● The task: Exactly the lines from the one with "Key West, fl" to the end of the entries should appear in your answer, retyped word for word.

____

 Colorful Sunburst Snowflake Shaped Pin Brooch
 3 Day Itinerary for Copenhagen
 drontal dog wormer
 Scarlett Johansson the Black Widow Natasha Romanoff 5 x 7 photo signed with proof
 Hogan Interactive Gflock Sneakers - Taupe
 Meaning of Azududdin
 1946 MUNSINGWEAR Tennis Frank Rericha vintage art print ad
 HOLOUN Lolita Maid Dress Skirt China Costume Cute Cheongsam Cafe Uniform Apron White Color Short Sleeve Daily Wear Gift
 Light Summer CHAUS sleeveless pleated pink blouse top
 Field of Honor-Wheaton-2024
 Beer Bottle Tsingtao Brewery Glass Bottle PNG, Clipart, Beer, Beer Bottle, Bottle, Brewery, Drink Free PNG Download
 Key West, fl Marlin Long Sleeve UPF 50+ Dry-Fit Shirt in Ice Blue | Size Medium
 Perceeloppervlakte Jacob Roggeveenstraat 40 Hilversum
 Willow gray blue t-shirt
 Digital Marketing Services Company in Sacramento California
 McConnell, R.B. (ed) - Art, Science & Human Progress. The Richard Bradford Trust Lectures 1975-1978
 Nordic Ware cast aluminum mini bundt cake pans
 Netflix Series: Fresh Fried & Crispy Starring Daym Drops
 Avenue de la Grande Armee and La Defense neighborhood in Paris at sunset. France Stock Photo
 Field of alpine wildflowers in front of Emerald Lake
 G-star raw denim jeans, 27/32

____

● Result of this exercise:
 Key West, fl Marlin Long Sleeve UPF 50+ Dry-Fit Shirt in Ice Blue | Size Medium
 Perceeloppervlakte Jacob Roggeveenstraat 40 Hilversum
 Willow gray blue t-shirt
 Digital Marketing Services Company in Sacramento California
 McConnell, R.B. (ed) - Art, Science & Human Progress. The Richard Bradford Trust Lectures 1975-1978
 Nordic Ware cast aluminum mini bundt cake pans
 Netflix Series: Fresh Fried & Crispy Starring Daym Drops
 Avenue de la Grande Armee and La Defense neighborhood in Paris at sunset. France Stock Photo
 Field of alpine wildflowers in front of Emerald Lake
 G-star raw denim jeans, 27/32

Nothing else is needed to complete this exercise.